Tia Luscombe in Borneo

Young Explorers' Trust

green trees under white sky during daytime

It is now a few weeks after returning from my expedition to Borneo, and my god do I wish to be back in Asia. I never thought I would miss the sweaty, sticky air and the (NEVER less than) warm water… but here I am freezing in my bedroom in England.

The trip was four weeks long, and we worked on over five project sites during that time. These ranged from clearing woodland and grass to start building the foundation of a community centre, learning how to make cement and cementing windows for a village chief’s house, or cleaning up nearly every beach we visited or stayed near. All of these activities allowed us to interact and learn from the locals, who were admirable for how determined they were to talk to us in English to ensure we understood the task and could do it well. In return we were given Malay lessons, useful phrases being ‘terimia kasih’ and ‘salamat pagi’, less useful ones being ‘lapangan terbang’ and ‘langsir’. For whatever reason, many people on my team seamed to adopt the habit of saying the less useful phrases more often than the useful ones, which sometimes earned us strange looks from passers-by.

We began our scuba diving qualification in our second week on the Island of Mamutik. We completed the course in three days, giving us limited time to do much other than train. Being asthmatic, the instructors were wonderful at making the discomfort of scuba diving bearable.
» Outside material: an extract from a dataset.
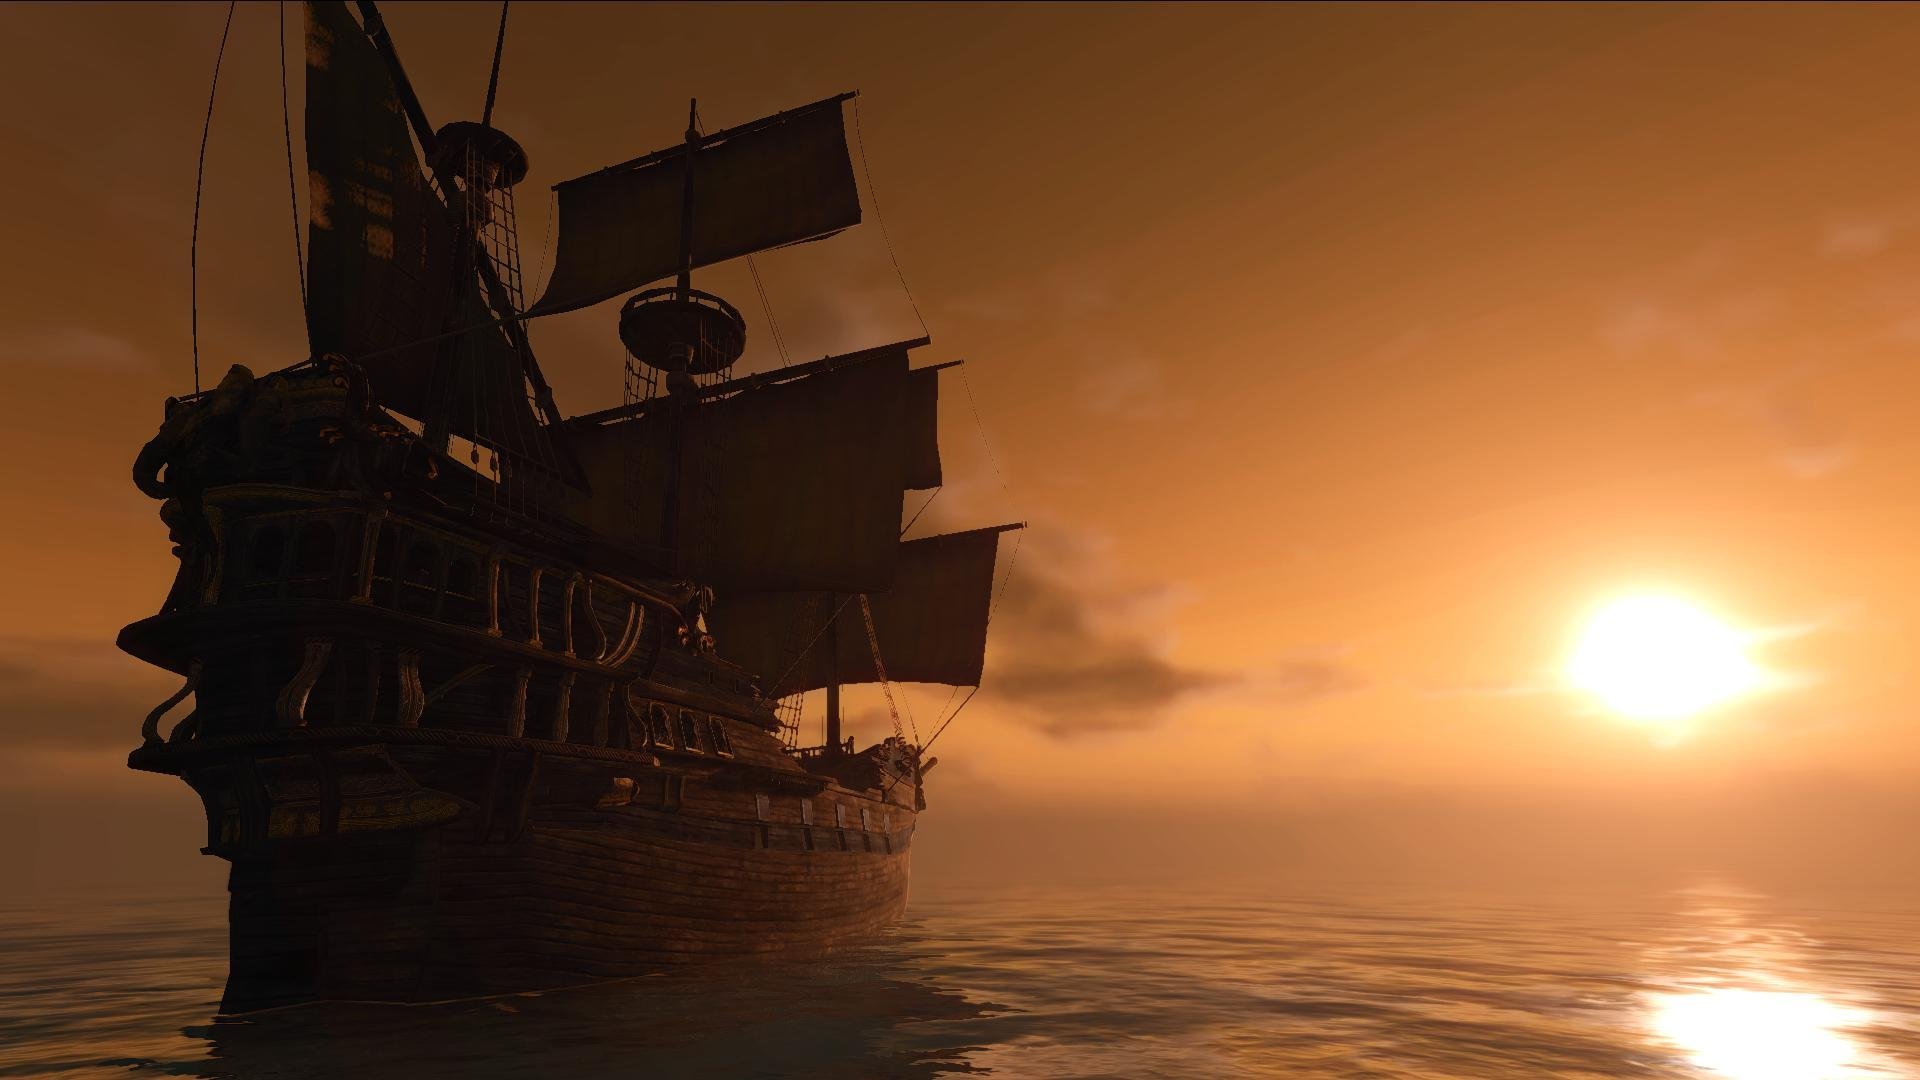 The pirate ship bdsm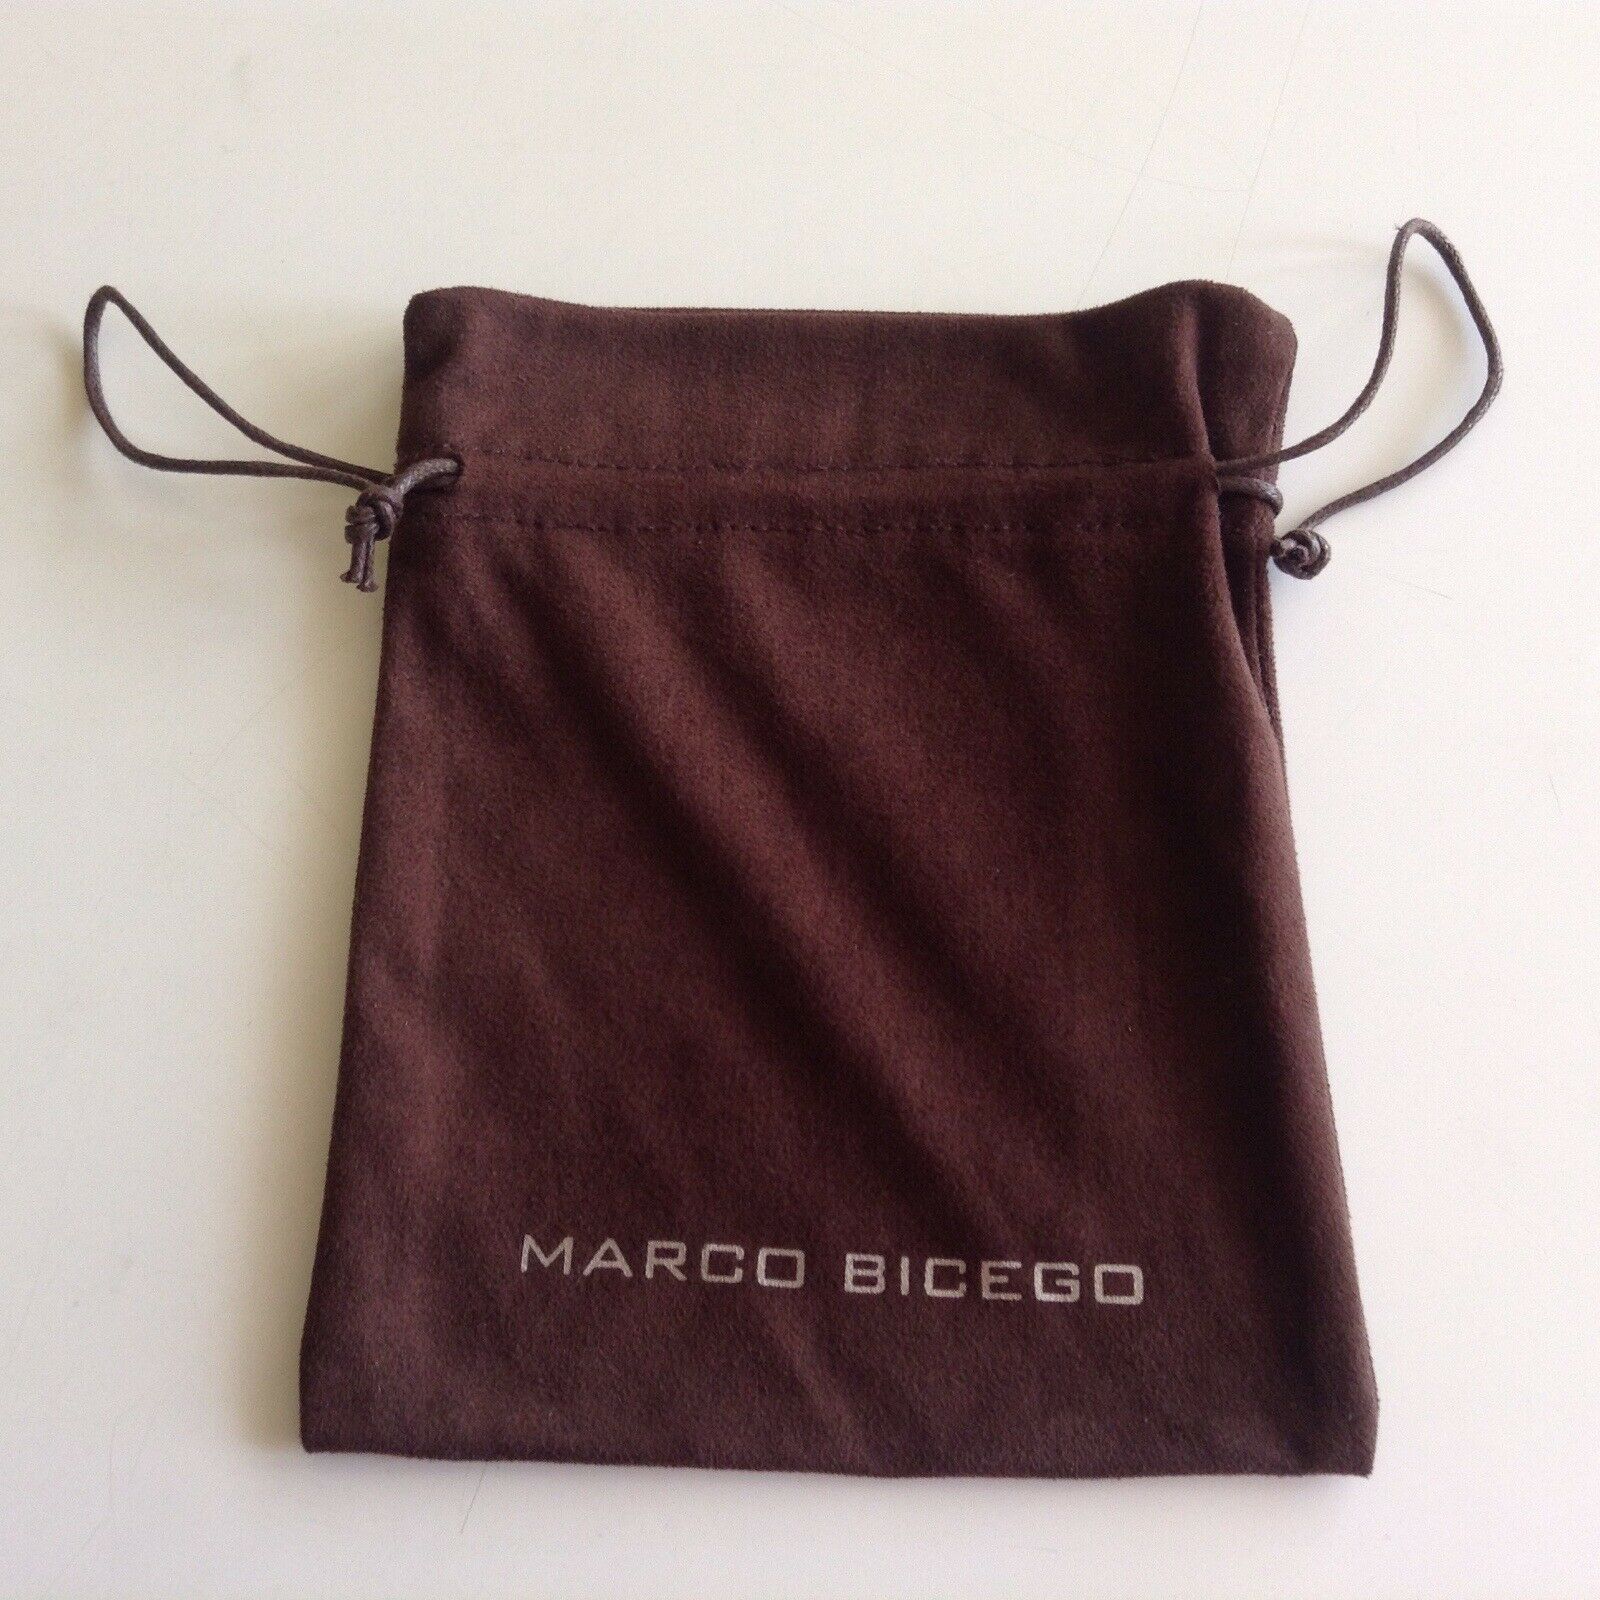 Marco Bicego Brown Jewelry Pouch 5.25 X 6.5”

The perseverance everyone showed during the day hours while training paid off every evening when the tourists and visitors would take boats back to the mainland, leaving the instructors and my team the whole island to ourselves.

This trip was a once-in-a-lifetime opportunity, one that has encouraged me to take a gap year and travel before studying at university, something I was adamantly against beforehand. The second half of my team came down to my city last week to see everyone who lives here, and we are already planning for our half to travel to Essex to see them in October. These people are friends that I have made for life, I have seen them at some of their worst points, and they have seen me at some of mine.

This trip wouldn’t have been possible without the grant from the Young Explorers’ Trust. I am ever so grateful for being chosen, and I hope everyone after me has just as incredible as an opportunity to taste a new side of life.